DIRECTIONS FOR THIS TASK: Take the line containing "Women's Khaki Elastic" as the first and the last line of the records below as the end, and please set down only what lies between them exactly, both ends included.

Top of RECORDS FOR THE EXERCISE

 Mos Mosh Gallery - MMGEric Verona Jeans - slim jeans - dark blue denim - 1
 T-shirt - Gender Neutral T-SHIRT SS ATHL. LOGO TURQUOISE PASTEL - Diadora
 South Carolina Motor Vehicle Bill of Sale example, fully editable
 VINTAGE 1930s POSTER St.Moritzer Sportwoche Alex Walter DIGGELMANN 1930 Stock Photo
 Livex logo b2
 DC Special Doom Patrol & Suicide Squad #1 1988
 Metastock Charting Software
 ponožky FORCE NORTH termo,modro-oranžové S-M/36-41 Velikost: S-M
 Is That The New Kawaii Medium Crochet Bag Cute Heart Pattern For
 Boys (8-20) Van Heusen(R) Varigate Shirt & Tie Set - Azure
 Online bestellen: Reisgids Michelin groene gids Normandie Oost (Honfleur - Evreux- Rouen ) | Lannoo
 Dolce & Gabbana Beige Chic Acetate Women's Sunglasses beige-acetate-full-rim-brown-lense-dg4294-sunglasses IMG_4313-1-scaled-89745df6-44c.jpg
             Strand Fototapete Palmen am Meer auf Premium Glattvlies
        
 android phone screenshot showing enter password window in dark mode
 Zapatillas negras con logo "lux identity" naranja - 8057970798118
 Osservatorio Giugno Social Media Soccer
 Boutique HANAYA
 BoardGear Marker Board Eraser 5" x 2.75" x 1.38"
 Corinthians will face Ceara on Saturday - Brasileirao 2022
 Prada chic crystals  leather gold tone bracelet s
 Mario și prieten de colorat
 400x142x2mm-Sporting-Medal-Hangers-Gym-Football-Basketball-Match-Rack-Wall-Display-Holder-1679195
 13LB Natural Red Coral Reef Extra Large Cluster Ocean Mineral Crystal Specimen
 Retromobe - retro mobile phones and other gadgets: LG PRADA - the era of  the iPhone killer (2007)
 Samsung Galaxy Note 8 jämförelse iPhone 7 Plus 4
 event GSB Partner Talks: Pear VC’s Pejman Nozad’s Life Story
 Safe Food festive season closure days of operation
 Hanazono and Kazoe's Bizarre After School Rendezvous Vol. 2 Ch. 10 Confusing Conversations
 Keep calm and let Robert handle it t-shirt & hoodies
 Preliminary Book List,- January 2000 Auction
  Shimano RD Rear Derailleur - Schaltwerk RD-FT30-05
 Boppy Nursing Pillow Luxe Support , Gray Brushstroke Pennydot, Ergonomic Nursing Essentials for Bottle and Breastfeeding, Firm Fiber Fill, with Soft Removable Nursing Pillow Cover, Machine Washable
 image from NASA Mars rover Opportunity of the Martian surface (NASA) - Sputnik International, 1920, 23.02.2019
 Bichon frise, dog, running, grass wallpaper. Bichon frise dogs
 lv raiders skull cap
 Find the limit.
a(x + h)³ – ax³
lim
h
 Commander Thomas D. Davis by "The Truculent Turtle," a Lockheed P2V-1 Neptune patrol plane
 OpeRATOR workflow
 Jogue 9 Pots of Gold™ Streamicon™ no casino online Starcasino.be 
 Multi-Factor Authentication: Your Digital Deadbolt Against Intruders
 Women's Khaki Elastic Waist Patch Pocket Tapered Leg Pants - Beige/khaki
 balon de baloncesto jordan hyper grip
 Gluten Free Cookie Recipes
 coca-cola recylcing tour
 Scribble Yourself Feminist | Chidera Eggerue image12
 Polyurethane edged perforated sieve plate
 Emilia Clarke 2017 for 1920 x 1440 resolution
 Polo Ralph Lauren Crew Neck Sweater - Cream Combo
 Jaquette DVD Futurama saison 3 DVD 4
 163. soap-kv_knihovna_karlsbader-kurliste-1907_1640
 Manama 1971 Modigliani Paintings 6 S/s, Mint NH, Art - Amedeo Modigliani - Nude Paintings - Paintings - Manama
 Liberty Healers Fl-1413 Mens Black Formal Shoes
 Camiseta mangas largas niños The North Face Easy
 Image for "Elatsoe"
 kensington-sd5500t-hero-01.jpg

Bottom of RECORDS FOR THE EXERCISE

SOLUTION TO THIS TASK:
 Women's Khaki Elastic Waist Patch Pocket Tapered Leg Pants - Beige/khaki
 balon de baloncesto jordan hyper grip
 Gluten Free Cookie Recipes
 coca-cola recylcing tour
 Scribble Yourself Feminist | Chidera Eggerue image12
 Polyurethane edged perforated sieve plate
 Emilia Clarke 2017 for 1920 x 1440 resolution
 Polo Ralph Lauren Crew Neck Sweater - Cream Combo
 Jaquette DVD Futurama saison 3 DVD 4
 163. soap-kv_knihovna_karlsbader-kurliste-1907_1640
 Manama 1971 Modigliani Paintings 6 S/s, Mint NH, Art - Amedeo Modigliani - Nude Paintings - Paintings - Manama
 Liberty Healers Fl-1413 Mens Black Formal Shoes
 Camiseta mangas largas niños The North Face Easy
 Image for "Elatsoe"
 kensington-sd5500t-hero-01.jpg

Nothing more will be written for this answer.